下午兩點,閒雲閣準時派人過來。通常是沒事。老人哪捨得這個錢。張老太算是想得穿的,也只做過兩三次。一是費用,二是讓人摸來摸去,又痛又癢,也彆扭。——過來大多幹坐著,與老人或是護工聊天,「閒雲閣這時候也是個空當——」二十來歲的女孩,每天換面孔,脾氣性情不同,話題也不同,操各種方音的普通話或是上海話。展翔若是這當口正好過來,便不好意思讓人家吃白板,脫了衣服自己躺上去。「來吧。」結束後湊個整數給她,也不用找。身上一溜紫紅色罐印,像麻將牌裡的筒子,噝著氣,「——爽利啊!」

史胖子探過幾次風,知道沒搞頭。那事,馮曉琴怕是提都沒同展翔提過。「為什麼呀?」他問她。馮曉琴說:「老闆是老實人,不好害他。」史胖子一口茶水差點噴出來,「他是老實人?他出來混江湖的時候,你還穿開襠褲呢。老實!」馮曉琴道:「老實也分幾種的,有些人是裡頭外頭都老實,有些人外頭看著油滑,其實心裡像小孩,特別單純。我們老闆就是後面這種。」史胖子呸的一聲,往地上吐口痰,「你見過幾個人?別讓我笑掉大牙。你老闆最喜歡扮豬吃老虎,吃的就是你這種小姑娘。」馮曉琴便笑笑,「爺叔吃過的鹽比我吃過的飯還多,看人肯定比我深刻。不好跟爺叔你比的。爺叔是裡頭外頭都精明,天下第一不好說,萬紫園排第一肯定是沒問題的。」史胖子被她說得忍俊不禁,露出白生生的牙齦肉,「吃那麼多鹽,不老早齁死了?再說爺叔有腰子病,吃口很清淡的。不要瞎三話四。」馮曉琴道:「腰子病是富貴病,生在爺叔身上,這叫相得益彰——爺叔吃過飯沒?我們這裡師傅燒的蔥燒獅子頭是一絕,色香味俱全,吃了還不口乾。腰子病也不搭界的。

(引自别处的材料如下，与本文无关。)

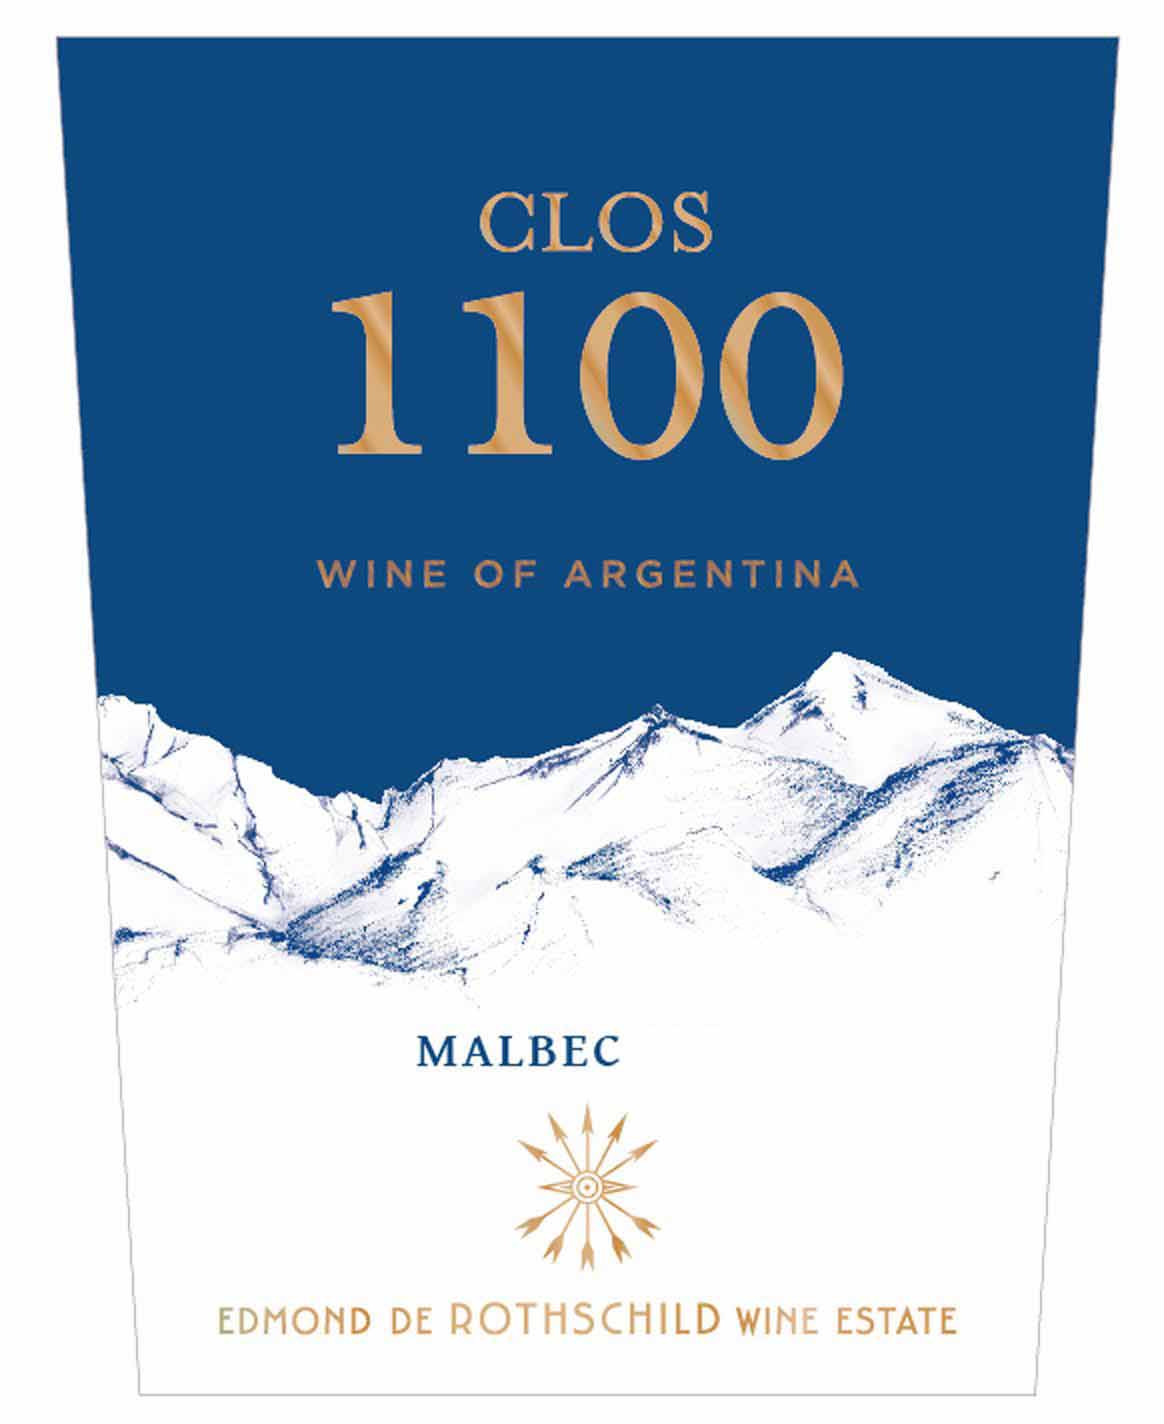 Baron Edmond de Rothschild - Clos 1100 - Malbec label

」史胖子問她:「不是都從外面餐廳訂嗎?自己開伙倉了?」馮曉琴嘆道:「外面訂成本太高。做生意呀,到底不是一天兩天。再說自己弄的清爽,衛生也有保障。」留了史胖子吃晚飯。白米飯上臥兩隻獅子頭,醬汁濃稠紅豔,最是開胃,再配幾顆小棠菜,碧綠生青,樂惠得很。史胖子吃得肚皮滾圓離開,路上有些想不通,竟像巴巴來蹭飯似的,正經話沒顧上講,飯倒吃了兩碗。小女人忒滑頭。

姓劉的護工又去攛掇三千金夫婦,臨近年底了,不好找人,況且她們這樣有護理證書的,不是阿貓阿狗都能幹的。「不晚」領的是養老機構執照,配備專業護理人員是硬指標,「離了我們,死蟹一隻。」姓劉的幾年前從蘇北來到上海,做過保姆和月嫂,聰明人,看問題準確犀利,「每年春節都是個關竅,錯了就還要再等一年。老闆是炒房地產的,不缺我們這一點小米。」她把意思露了,自己不開口,只看三千金媽媽怎麼說。三千金媽媽是個沒主意的,又去問自家男人。男人到底當過小老闆,拎得清,「讓她自己去講,你不要當衝頭。」加上一句,「最多她講的時候,你跟著撬撬邊。」

姓劉的到底碰了個釘子。說要找展翔。馮曉琴給她彈回去:「老闆管大事情,這些小事找我談就可以了——阿姐你才來多久,就算談價錢,好歹也要過一陣。你外面打聽打聽,這點生活拿這份薪水,不算少了。」姓劉的便說自己可憐,「死鬼老公走得早,一個人帶女兒,日子不好過。」馮曉琴也嘆:「現在日子都不好過,你外頭看看,有哪個不可憐的。女兒比兒子好,貼心,將來成家開銷也少得多。阿姐又有手藝,好日子在後頭呢。」姓劉的朝三千金媽媽使眼色。三千金媽媽憋著不開口,留她一人發揮。姓劉的說來說去,那個「走」字在嘴裡盤桓半晌,終是不敢說出來。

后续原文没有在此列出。